Wednesday, August 18, 2010

On Reading Well

In order to master the art of reading, we need to be an everyday reader. A couple of hours a day, or from fifteen to thirty minutes for those who struggle with time, are just recommended. We need to approach to the selected book we will read, with an open mind toward it's content, knowing what we’ll encounter on it, and what we may find of value in it.


Don’t look a book as a chore to read, never do it. If you’re going to read a book, do it because you want it, not because someone told you to, or to earn points in school. Today, many—if not all—of the schools around US, from elementary to high school, have this kind of program in their scholar year. I think it’s great, and that foments the habit of reading in some children, not all of them. Let’s face it, the way they do it in some districts are just wrong.


The other day, I told my thirteen year old nice, if she wanted to read a book I just finish reading, and that it was awesome.
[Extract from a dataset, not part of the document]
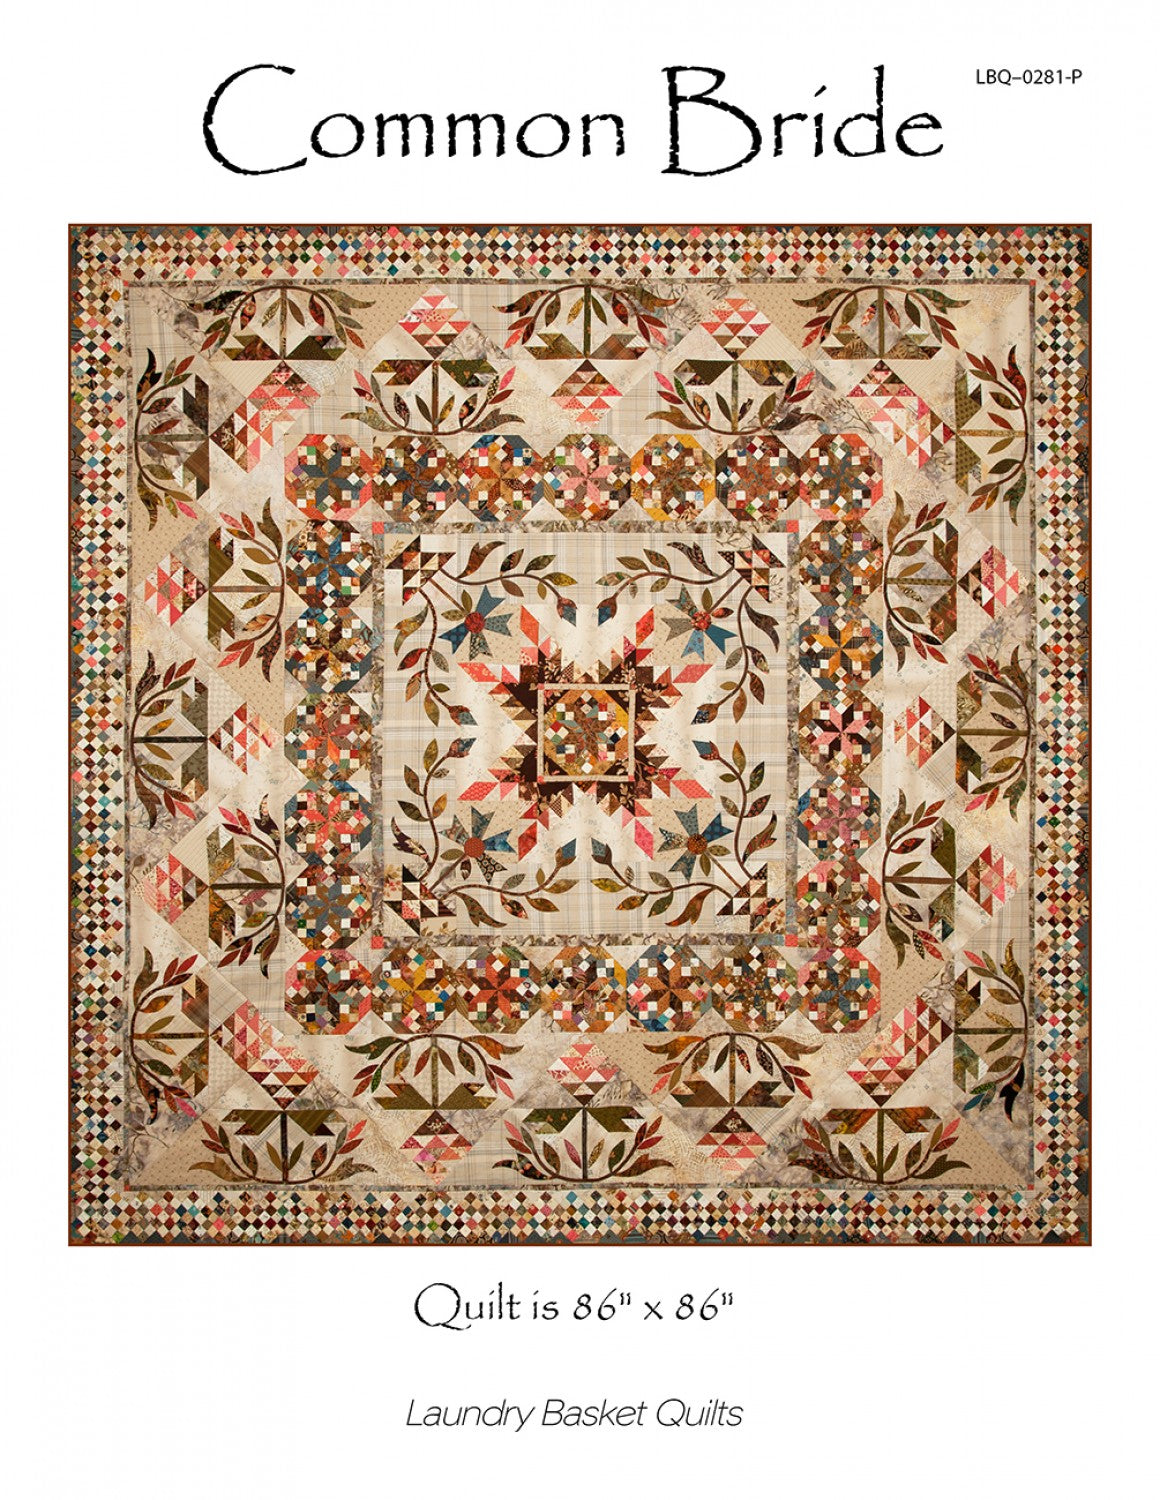 Common Bride Quilt Pattern by Edyta Sitar of Laundry Basket Quilts

I told her, cause it seemed to me that she liked to read, since I saw her with a book last week. “I don’t know,” she paused. “Do you know if they’ll give points for reading it?” It was her response.


I look at her astonished and laugh, I couldn't help it. “They give you points in school for reading a book?” I said at last. “Yeah, and in the end of the year depending of how many points we have, they give a gift or something,” she answered back, I couldn't believe what I was hearing. They were promoting reading, which already was a gift, with a gift.


Some students will find read as a pleasure, but the ones who don’t linger with the amuse of reading, will just find read, as something they rewarded you for doing it. Which I found wrong.


I believe that reading must be taught in school as an art, in a way that can stay in the children so they can enjoy it, and not just something they have to do.


At last, the mastering of read should start in an early age. Forming a well educated person, that see books as a way to enrich life in all form, now that reading is a godsend, and will benefit everybody with a blessing harvest in the present, but also on the hereafter.